Его безобразие еще увеличивалось от контраста с Мариной и ее подругой. Хотя заботы и тревоги наложили на лицо красавицы Марины, урожденной Мнишек, свою печать, но она все еще была настолько прекрасна, что Ян Сапега забывал свою гордость и тщеславие в ее присутствии.
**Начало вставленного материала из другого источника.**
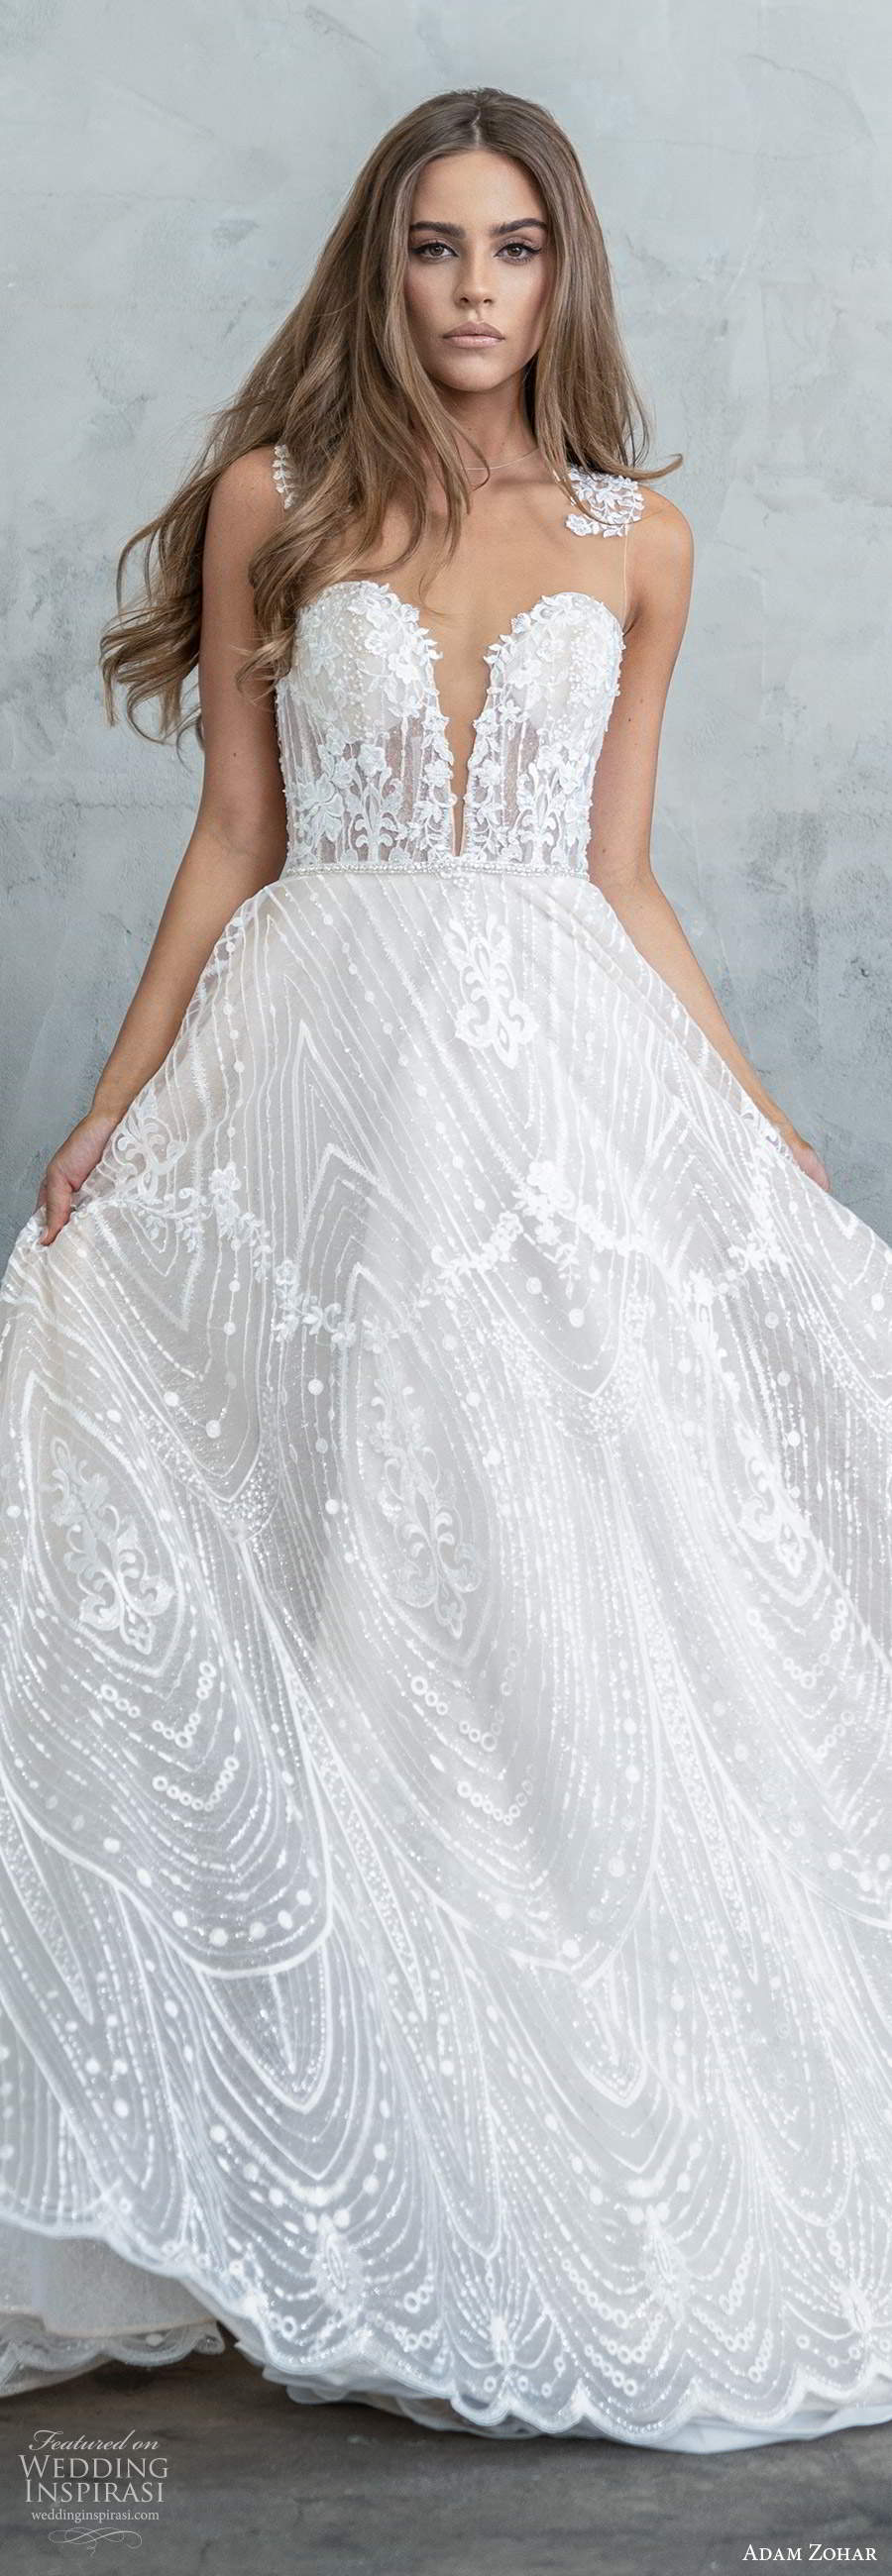 adam zohar fall 2020 bridal sleeveless illusion jewel neck plunging sweetheart neckline fully embellished lace a line ball gown wedding dress sheer back chapel train (5) lv

Терехов испуганно толкнул своего друга.

— Дурень! Разве здесь можно говорить такое? — сказал он и вдруг побледнел. — Смотри, смотри!

Андреев увидел, как ниже на табуреты садились польские паны и киргизы, а русские вкруг становились подле и сзади царька.

— Ничего не вижу!

— А там! — Терехов указал пальцем.

Андреев увидел молодого красивого человека с черной бородкой в пышном дорогом костюме. На нем была золотая проволочная кольчуга, надетая поверх серебряного нагрудника. Шлем со стрелкой покрывал его голову, и богатая перевязь от меча, вся усыпанная яхонтами, украшала его высокую грудь.

— Князь Теряев! — сказал Андреев и с удивлением спросил: — Да разве не в Москве он?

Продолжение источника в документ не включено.